According to The Office for National Statistics, the proportion of children born to unwed mothers in England and Wales in 2012 was at a record 47.5%, an increase from 25% in 1988.

The 2011 census showed that the number of married people in England and Wales had fallen to 45 percent, just over half the population a decade ago.

“A lot of people don’t realize that long-term cohabitation with children is really rare,” stated Christian Guy, director of the Centre for Social Justice. “Most people with children who are still together after many years are married. Long-term results show that there is something different about being married; it is more stable. People are bound together when they are married in a way that they are not if they are just living together.”
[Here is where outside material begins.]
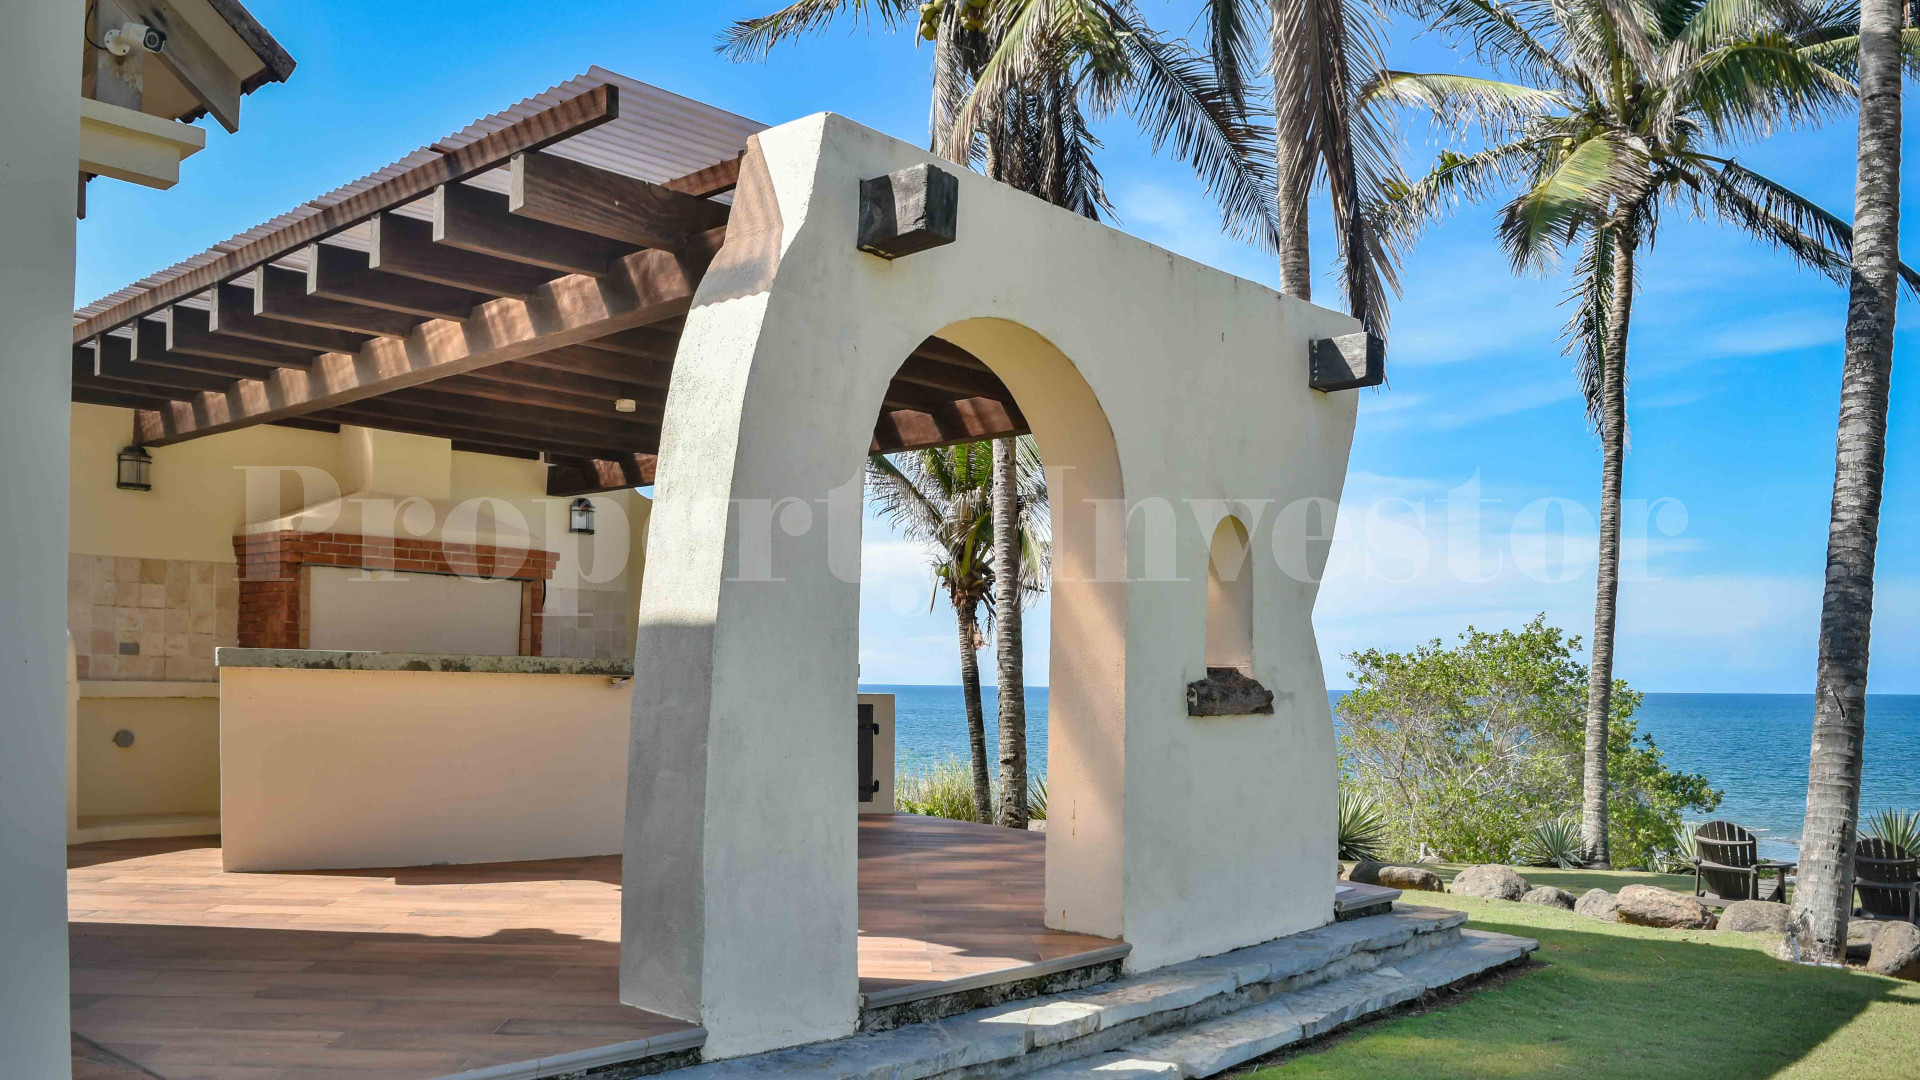 Stunning 4 Bedroom Luxury Spanish Colonial Revival Home for Sale in Pedasí, Panama

Sir Paul Coleridge was appointed a High Court judge in 2000 after 30 years as a family law specialist at the bar. As a result of the opposition he has received for his comments about marriage, Coleridge announced that he will go into early retirement from the bench.

3 Comments

  1. Good for Sir Paul Coleridge! The more people take a stand for the institution of marriage and family the sooner we shall come out of this morass of. immorality

  2. He is to be commended – one cannot argue with the facts he adduces. Society prefers to follow a secular humanist ideology, rather than face the facts. Whatever the Chief Justice thinks and decides does not alter the facts supported by the Office for National Statistics. Christian ethics may not be popular, but they are valid Truth. Those who love darkness hate the Light.

  3. I am all for a Biblical Marriage. It’s a marriage that lasts forever. It’s a real marriage, a true marriage, a marriage of love. A marriage that is blessed and strengthened and protected by God. Any other marriage will be tossed around in the storms.